◆ **TASK TO CARRY OUT**
Collect every line below that contains the word "from".

(RECORDED DATA)

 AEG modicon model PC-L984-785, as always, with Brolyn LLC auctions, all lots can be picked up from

(End RECORDED DATA)
(RECORDED DATA)

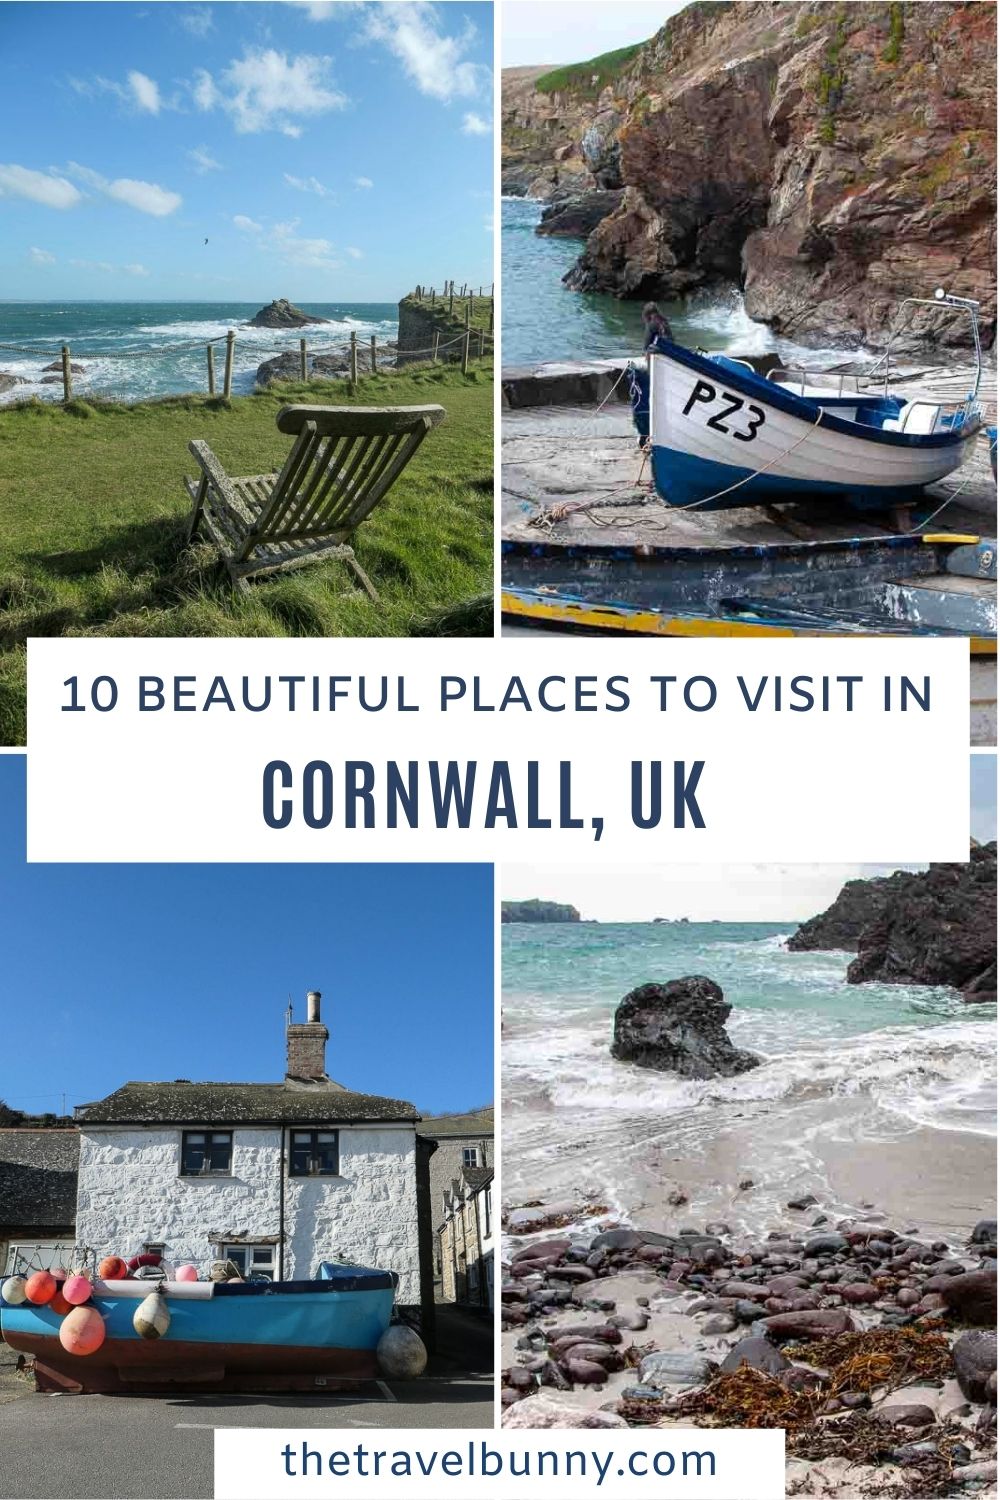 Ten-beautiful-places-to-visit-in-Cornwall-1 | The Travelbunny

(End RECORDED DATA)
(RECORDED DATA)

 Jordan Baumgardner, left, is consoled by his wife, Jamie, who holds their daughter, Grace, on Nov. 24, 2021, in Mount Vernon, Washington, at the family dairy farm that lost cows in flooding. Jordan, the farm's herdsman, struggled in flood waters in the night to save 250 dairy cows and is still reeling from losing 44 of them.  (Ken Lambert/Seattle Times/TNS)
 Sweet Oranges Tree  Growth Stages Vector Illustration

(End RECORDED DATA)

◆ **RESULT FOR THIS EXERCISE**
 AEG modicon model PC-L984-785, as always, with Brolyn LLC auctions, all lots can be picked up from
 Jordan Baumgardner, left, is consoled by his wife, Jamie, who holds their daughter, Grace, on Nov. 24, 2021, in Mount Vernon, Washington, at the family dairy farm that lost cows in flooding. Jordan, the farm's herdsman, struggled in flood waters in the night to save 250 dairy cows and is still reeling from losing 44 of them.  (Ken Lambert/Seattle Times/TNS)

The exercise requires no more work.